> WHAT YOU WILL DO
In the entries below, find the line with "The ability of" and the line with "The Best Under". Print those two and everything between them exactly, and nothing else.
(RECORDS SUPPLIED)
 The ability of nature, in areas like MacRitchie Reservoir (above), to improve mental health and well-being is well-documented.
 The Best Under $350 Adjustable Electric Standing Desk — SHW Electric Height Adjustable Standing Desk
(End RECORDS SUPPLIED)
(RECORDS SUPPLIED)
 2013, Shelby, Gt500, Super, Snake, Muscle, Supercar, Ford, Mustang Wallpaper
(End RECORDS SUPPLIED)
(RECORDS SUPPLIED)
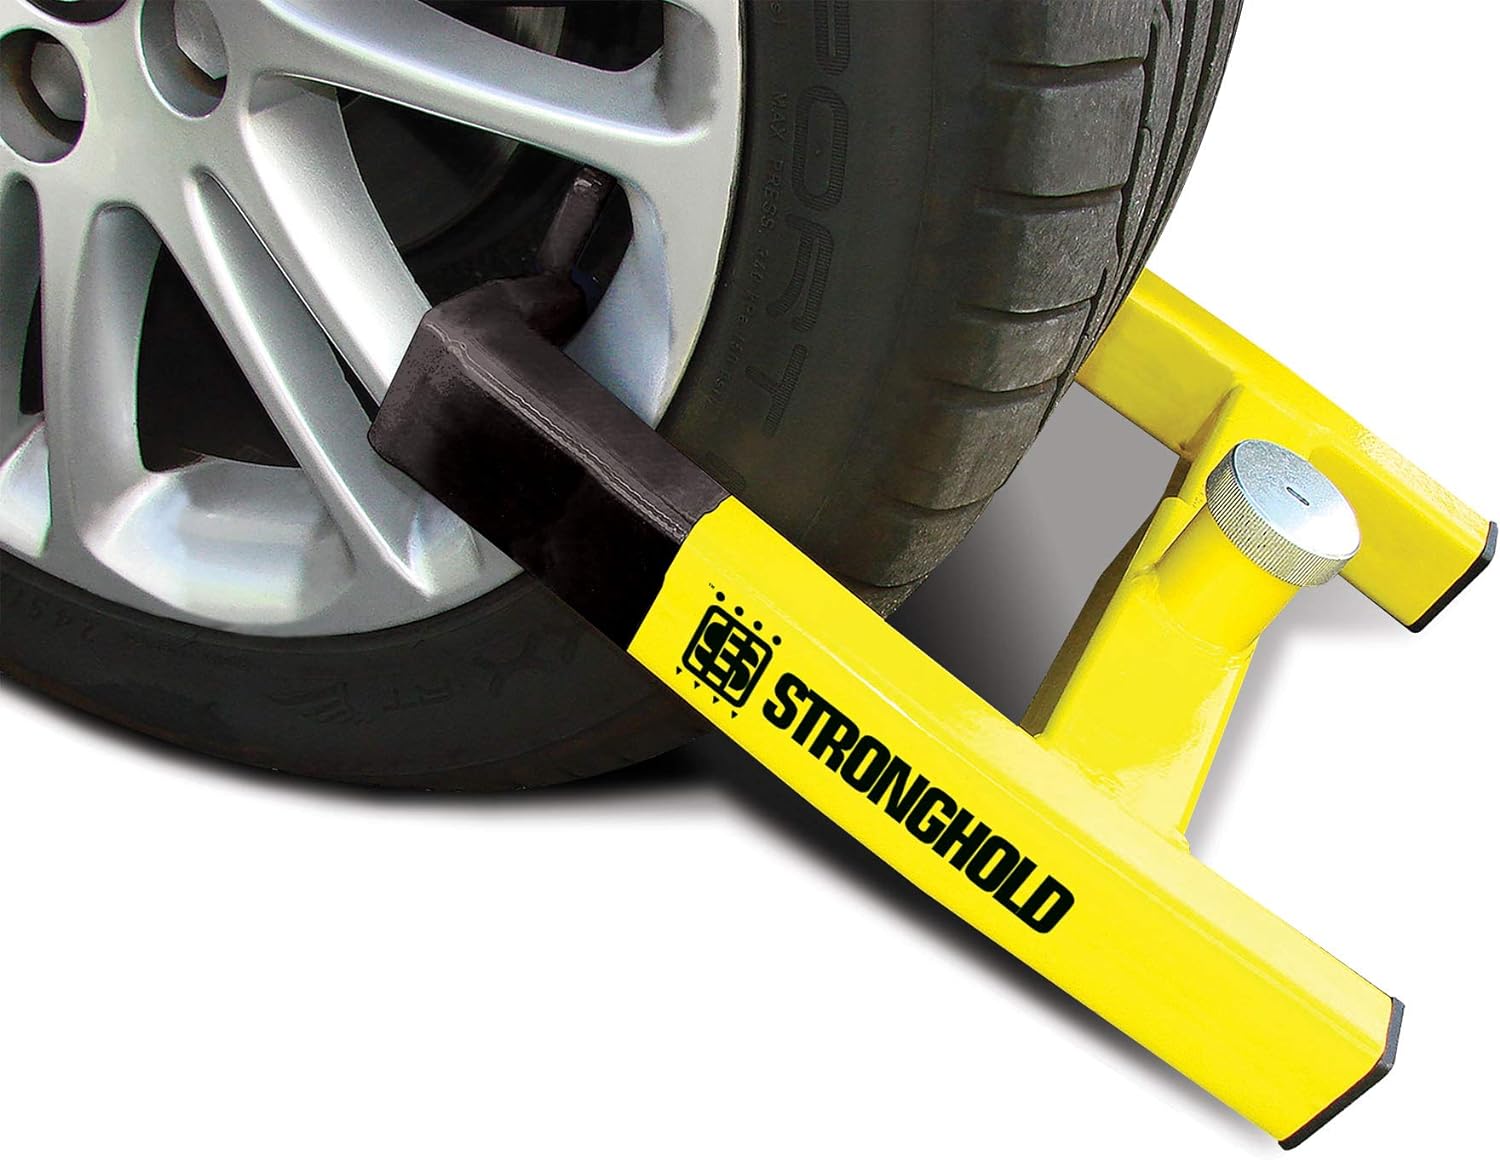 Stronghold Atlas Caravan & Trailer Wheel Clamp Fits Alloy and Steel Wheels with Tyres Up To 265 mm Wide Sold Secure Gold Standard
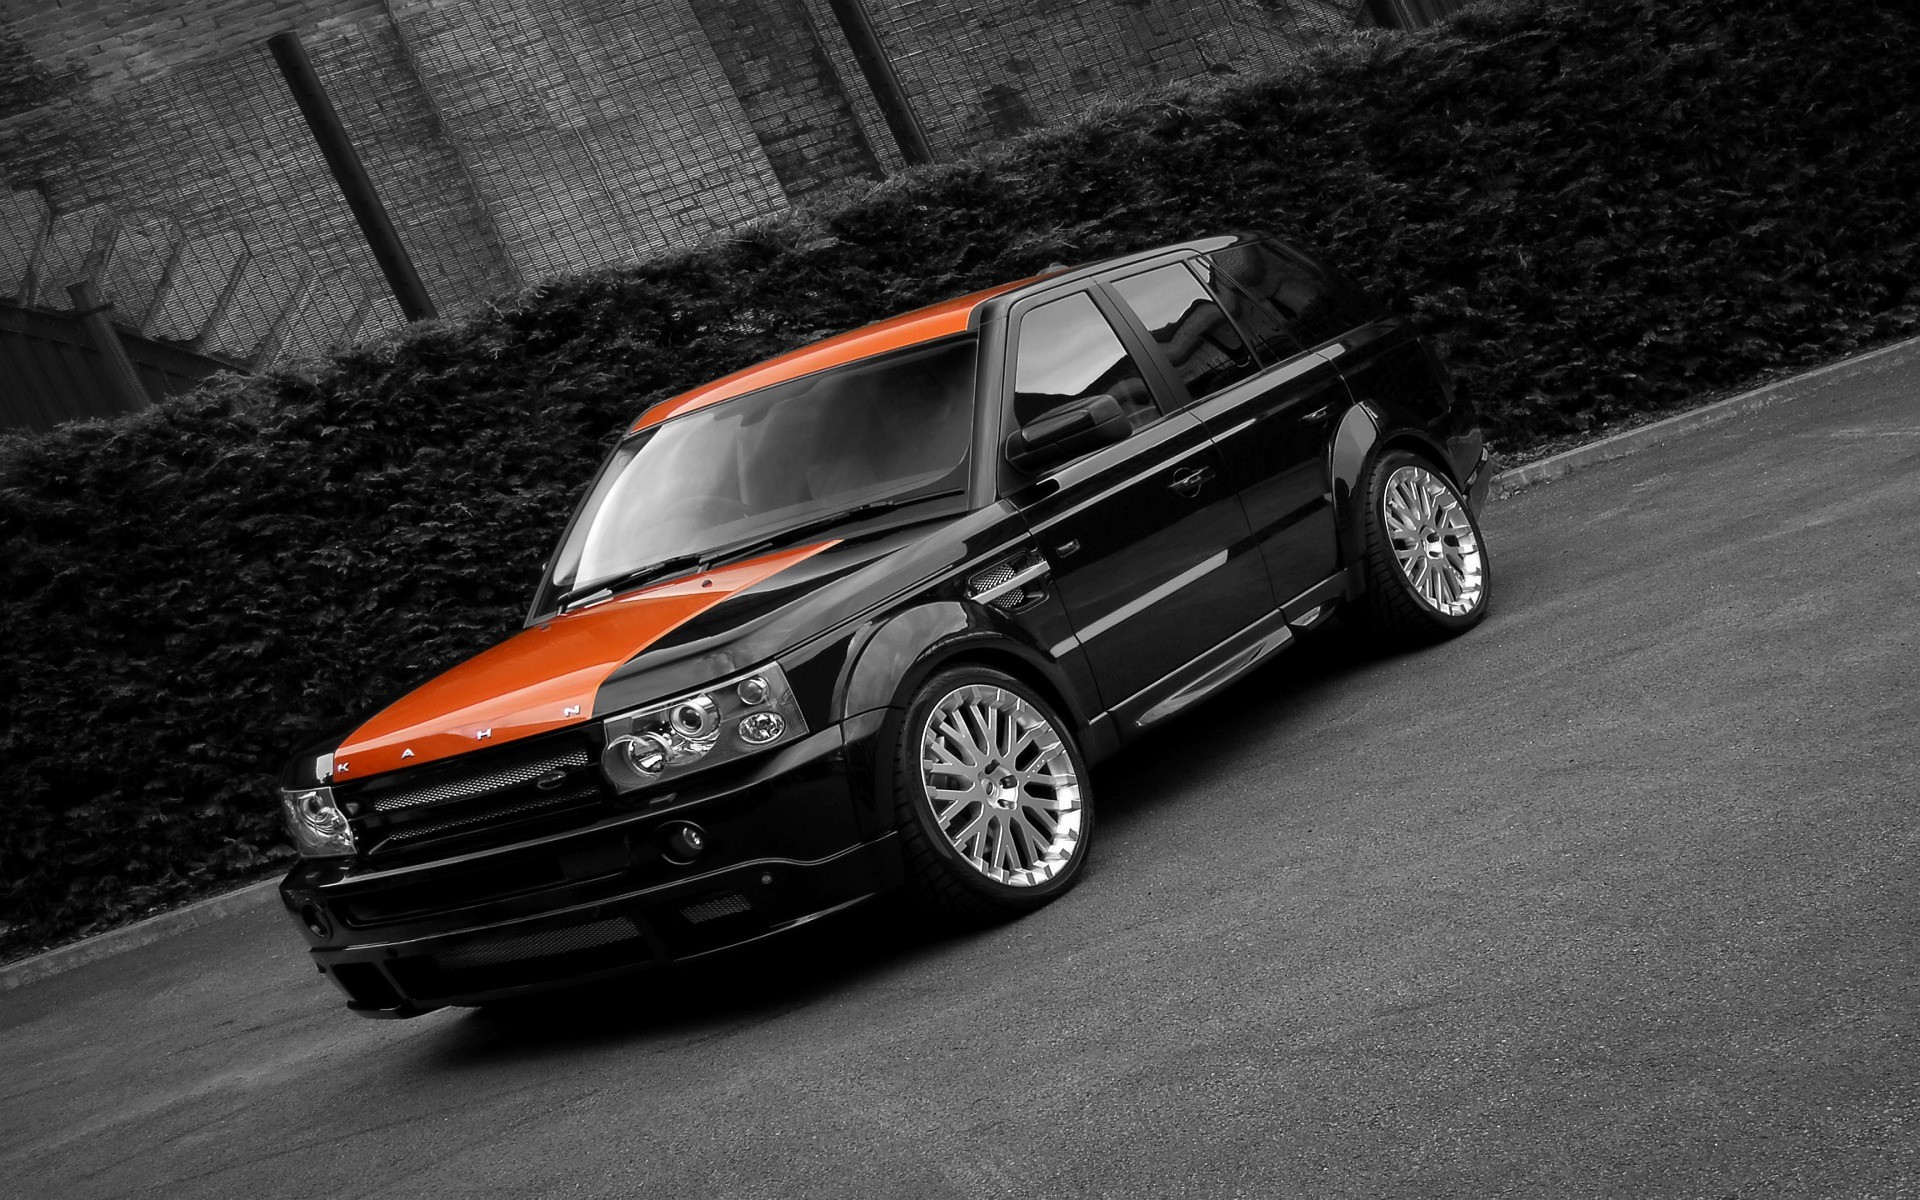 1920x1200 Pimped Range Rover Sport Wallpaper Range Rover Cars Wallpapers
(End RECORDS SUPPLIED)
> SOLVED PROBLEM
 The ability of nature, in areas like MacRitchie Reservoir (above), to improve mental health and well-being is well-documented.
 The Best Under $350 Adjustable Electric Standing Desk — SHW Electric Height Adjustable Standing Desk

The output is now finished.